:: Work to be completed ::
Within the records below, reproduce without change the lines from the line that has "Xavier 1 custom" through the line that has "Fred Flintstone Driving a Car", and only those.

··· Input for this task

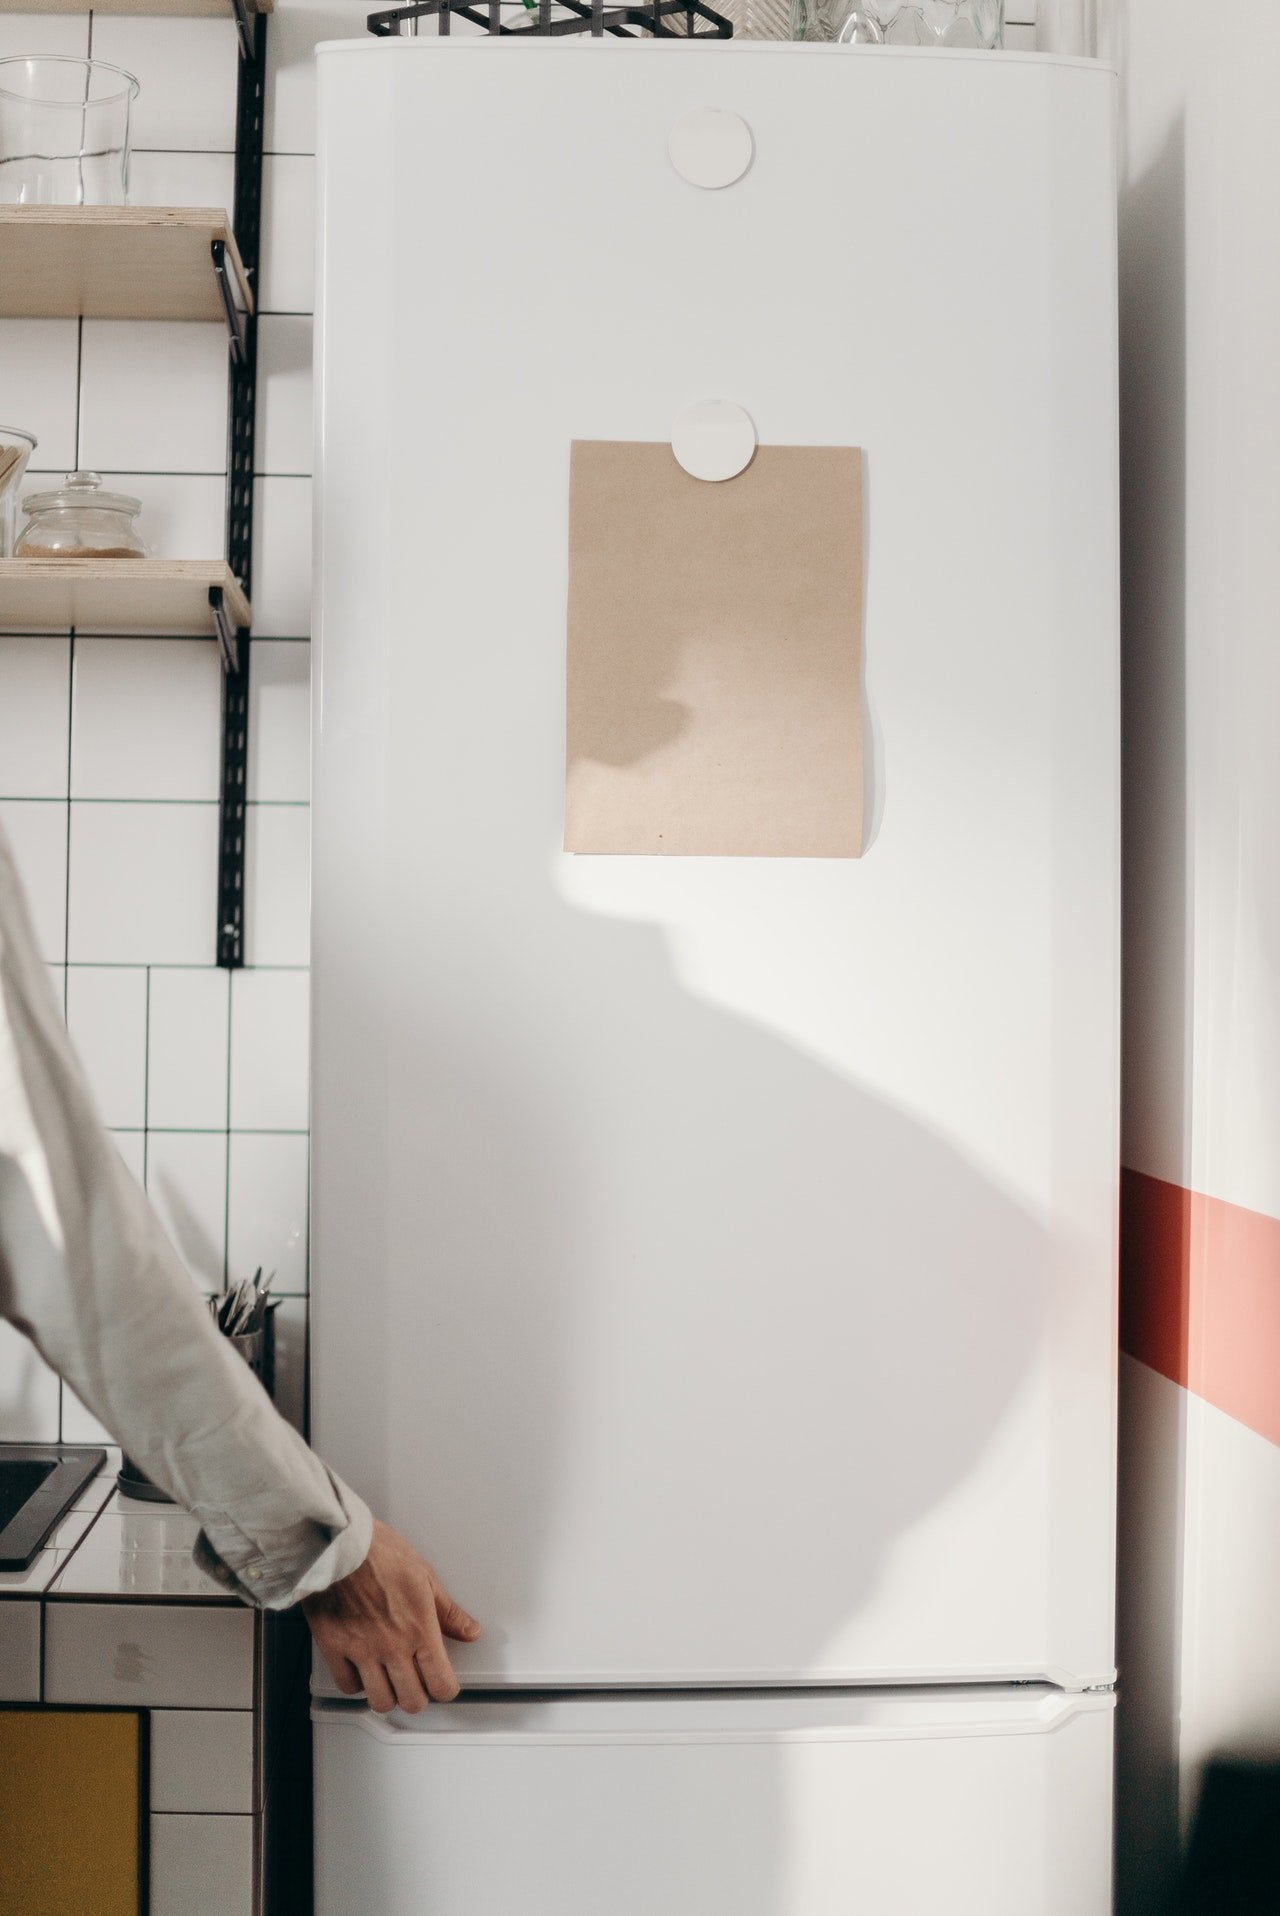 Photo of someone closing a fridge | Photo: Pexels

······
··· Input for this task

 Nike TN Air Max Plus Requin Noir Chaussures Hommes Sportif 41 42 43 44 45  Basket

······
··· Input for this task

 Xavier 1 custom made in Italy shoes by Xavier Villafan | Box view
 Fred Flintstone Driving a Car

······

:: Written response ::
 Xavier 1 custom made in Italy shoes by Xavier Villafan | Box view
 Fred Flintstone Driving a Car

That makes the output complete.